Dentists are willing and able to help, but many are leaving NHS work because the contract model is unworkable, and the funding is not there. That is why I have sought to work with the BDA to secure a new workable contract - one that serves dentists, patients, and the NHS.
The Government’s response until now has been lacklustre to say the least. They have promised reforms that never materialised and continued to allocate funding that, infuriatingly, went unspent. In fact, despite the Government’s initial action and announcements and schemes that were supposed to fix things, the proportion of dentists working in the NHS in Norfolk and Waveney continues to drop.
I took the opportunity in Parliament last month to ask the Minister of State for Care whether the recently announced additional funding for the Department of Health and Social Care would lead to substantial investment in NHS dentistry. I asked a simple, direct question. Will the Government ensure that the extra funding that has been put into the Department is actually reflected in extra funding for NHS dentistry?

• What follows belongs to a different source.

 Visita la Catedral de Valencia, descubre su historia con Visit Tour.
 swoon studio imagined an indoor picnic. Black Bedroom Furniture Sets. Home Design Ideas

This time, the Minister gave a clear and welcome commitment. He said, and I quote, “Every penny that is allocated to NHS dentistry must be spent on NHS dentistry.” He also acknowledged how outrageous it is that we have seen underspending in dentistry budgets at a time of rising demand. Crucially, he recognised that areas like East Anglia, which have been underserved for years, must be prioritised.
As someone who has worked consistently on this issue, both inside and outside Parliament, I am pleased that the Government is finally starting to recognise the scale of the problem. But let’s be clear. Words are not enough. Promises mean little unless they are followed by action. What we need is for this Government to live up to its commitment to spend every penny allocated to NHS dentistry, and to follow through as soon as possible with the contract reforms so we can stop – and then reverse – the exodus of dentists from the NHS.
For people in Waveney Valley and across East Anglia, this needs to result in more NHS dentists on the ground. It needs to mean appointments that are available when needed. Patients must not be forced into private treatment or left waiting for months or longer for basic care.
There is also a broader question here about how we view dentistry as part of our health system. For too long, dental care has been treated as a separate or second-tier service. That must change. Oral health is not an optional extra, it’s a vital part of our overall health. Until the Government sees this, we are going to get nowhere in improving our overall wellbeing.
Untreated dental problems can lead to severe pain, serious infections, and, in some cases, leave people unable to eat. Tooth decay is the number one reason for hospital admission for children – a total scandal. The idea that this essential part of healthcare is now out of reach for so many people is not just unfair. It is a public health failure.
The Government may have come to its senses on NHS dentistry, but this must now be a turning point, not just a passing gesture. In the months ahead, I will continue to work with the BDA and Toothless in England to push for tangible action, not just words.
No one should be in pain because they cannot afford to see a dentist. No child should be denied basic healthcare because of where they live. It’s time the Government made good on its promise and delivered NHS dentistry that works for the people who need it most.
I will not let this issue drop. I will continue to fight for a system that works, for patients, for dentists, and communities like ours.